Task inputs
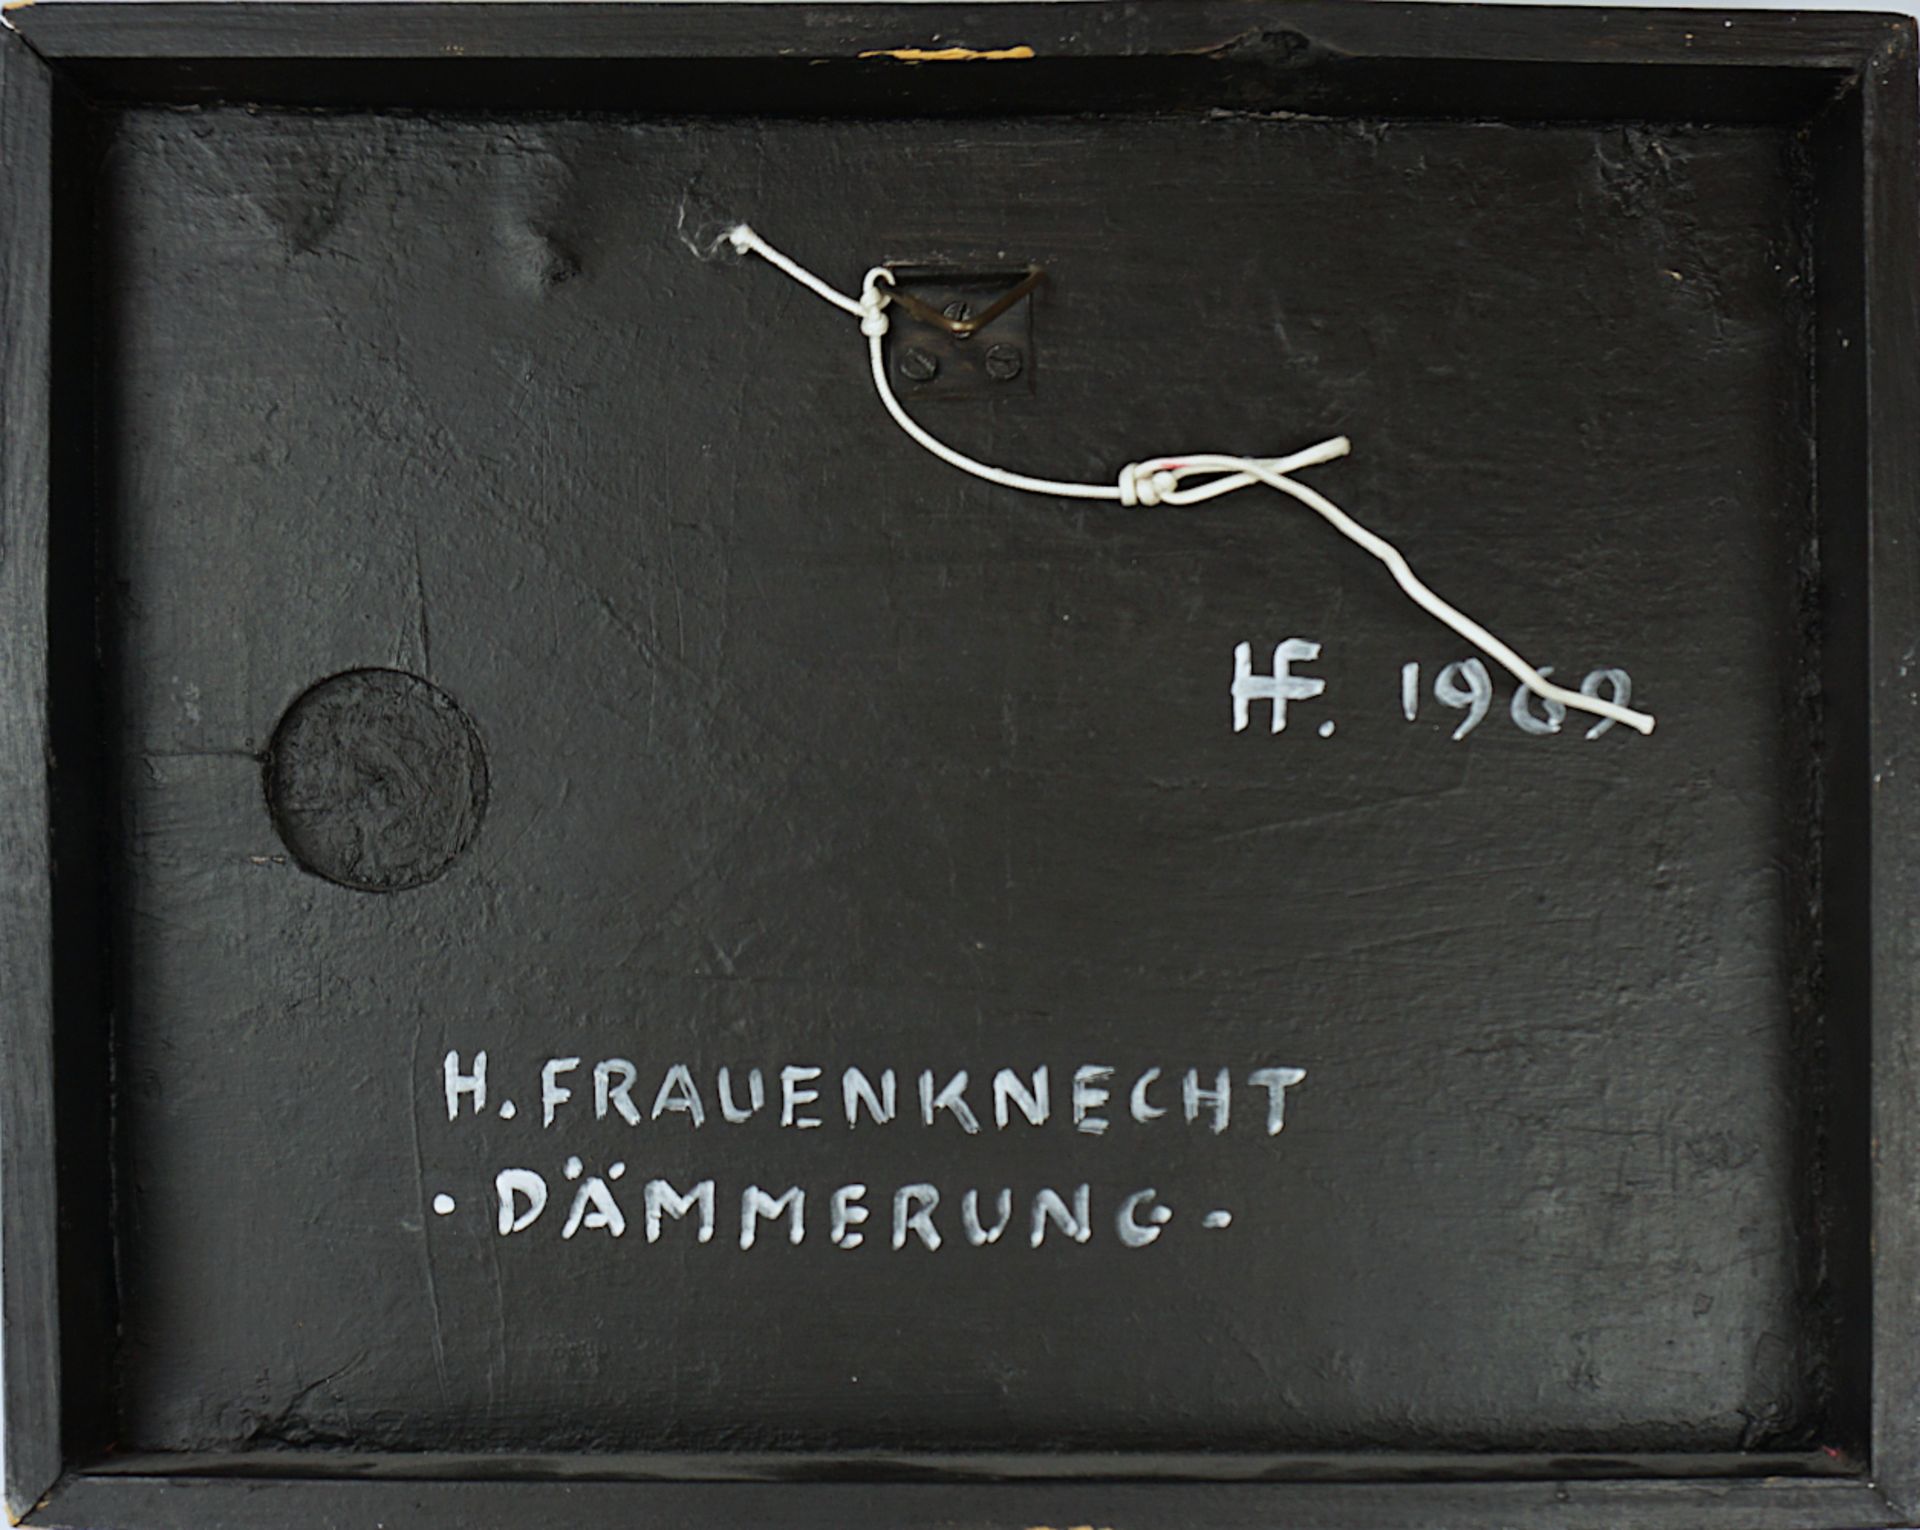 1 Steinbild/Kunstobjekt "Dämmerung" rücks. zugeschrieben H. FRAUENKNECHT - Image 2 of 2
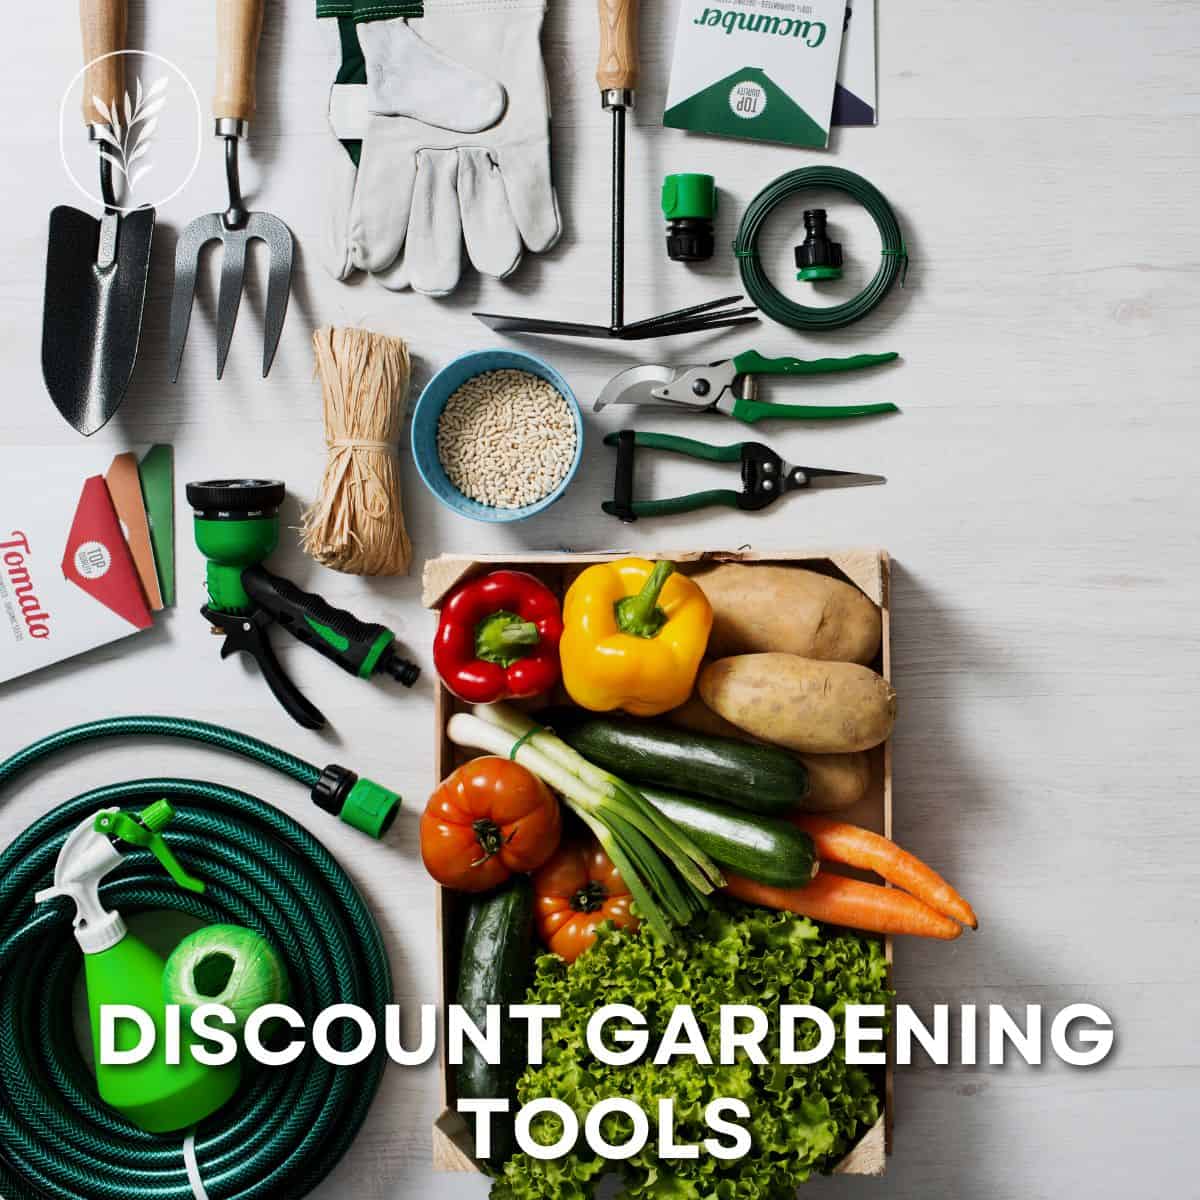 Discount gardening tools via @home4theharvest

---

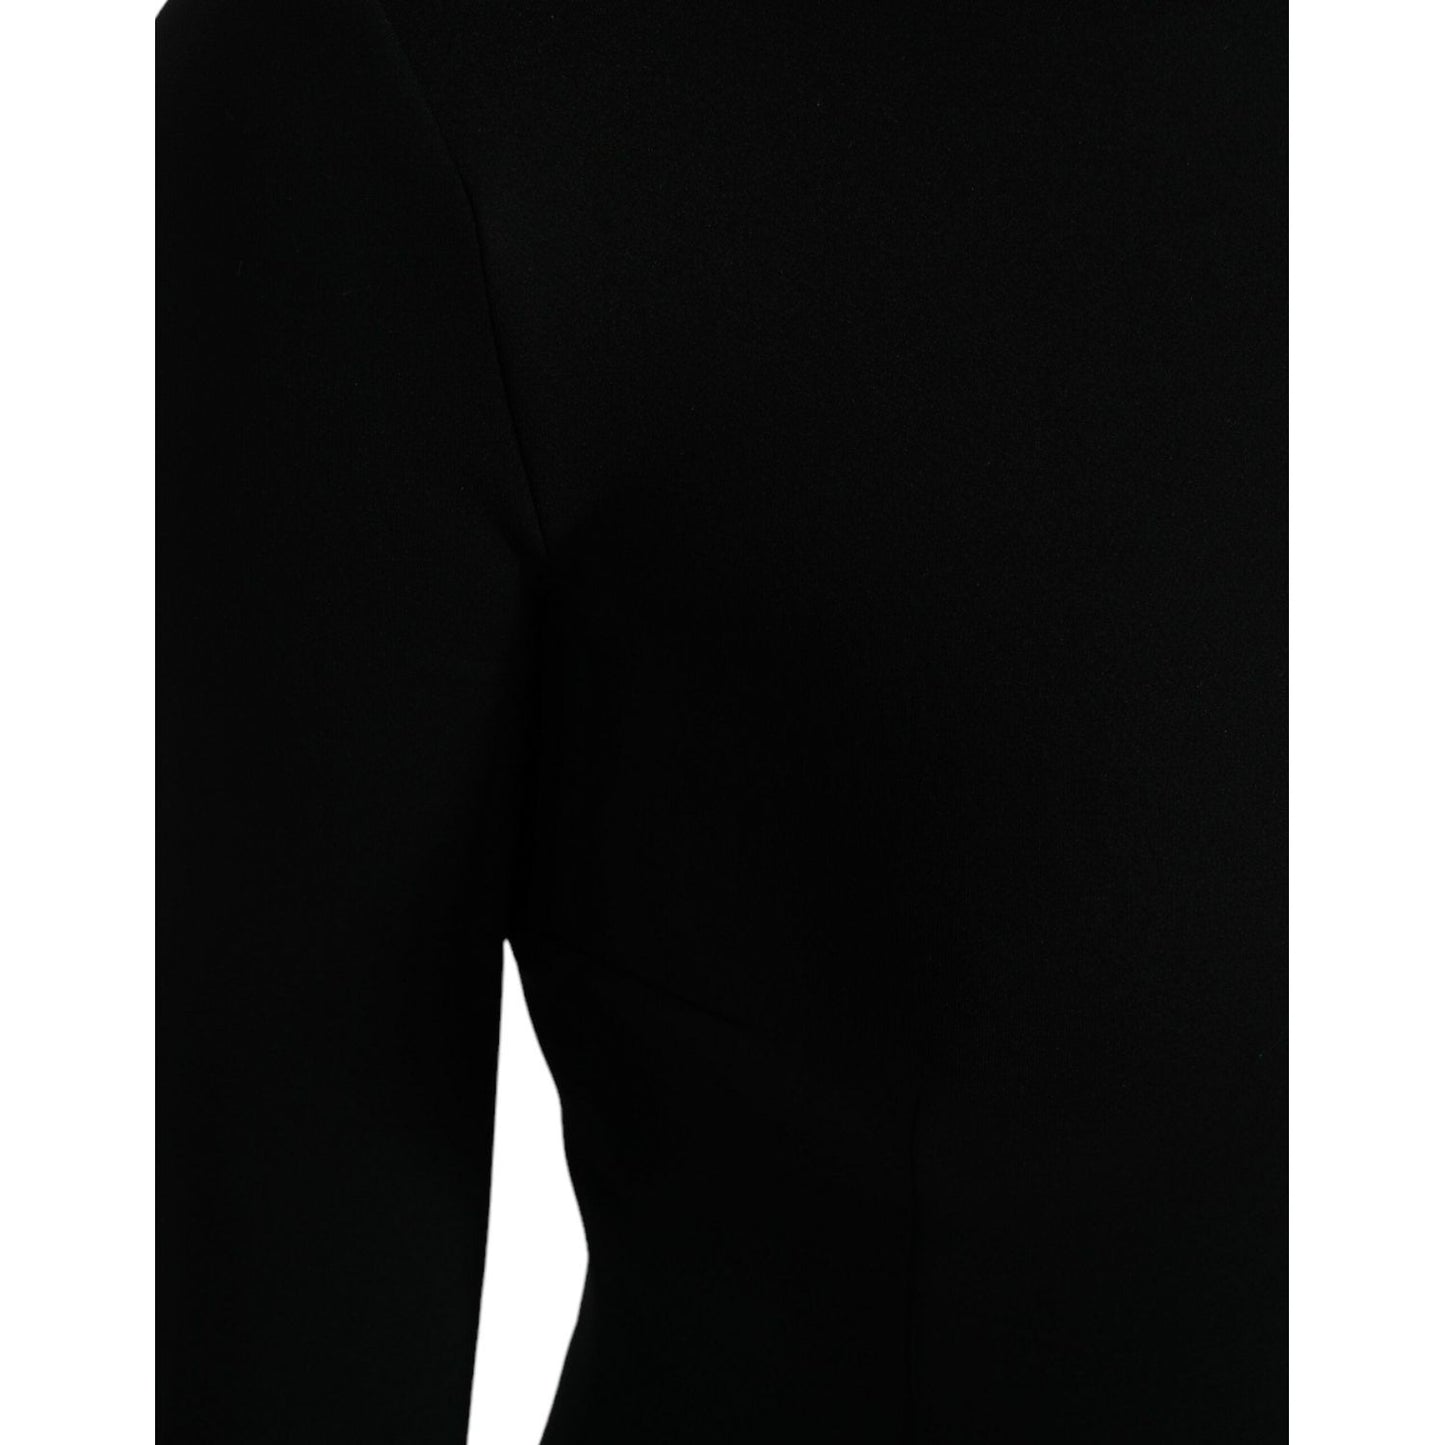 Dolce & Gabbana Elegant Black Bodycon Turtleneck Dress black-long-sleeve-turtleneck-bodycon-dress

Work item
Look above for the line containing "Image 2 of 2", then write out every line from there down to the line containing "Discount gardening tools", that line included, with no pictures.

Your response
 1 Steinbild/Kunstobjekt "Dämmerung" rücks. zugeschrieben H. FRAUENKNECHT - Image 2 of 2
 Discount gardening tools via @home4theharvest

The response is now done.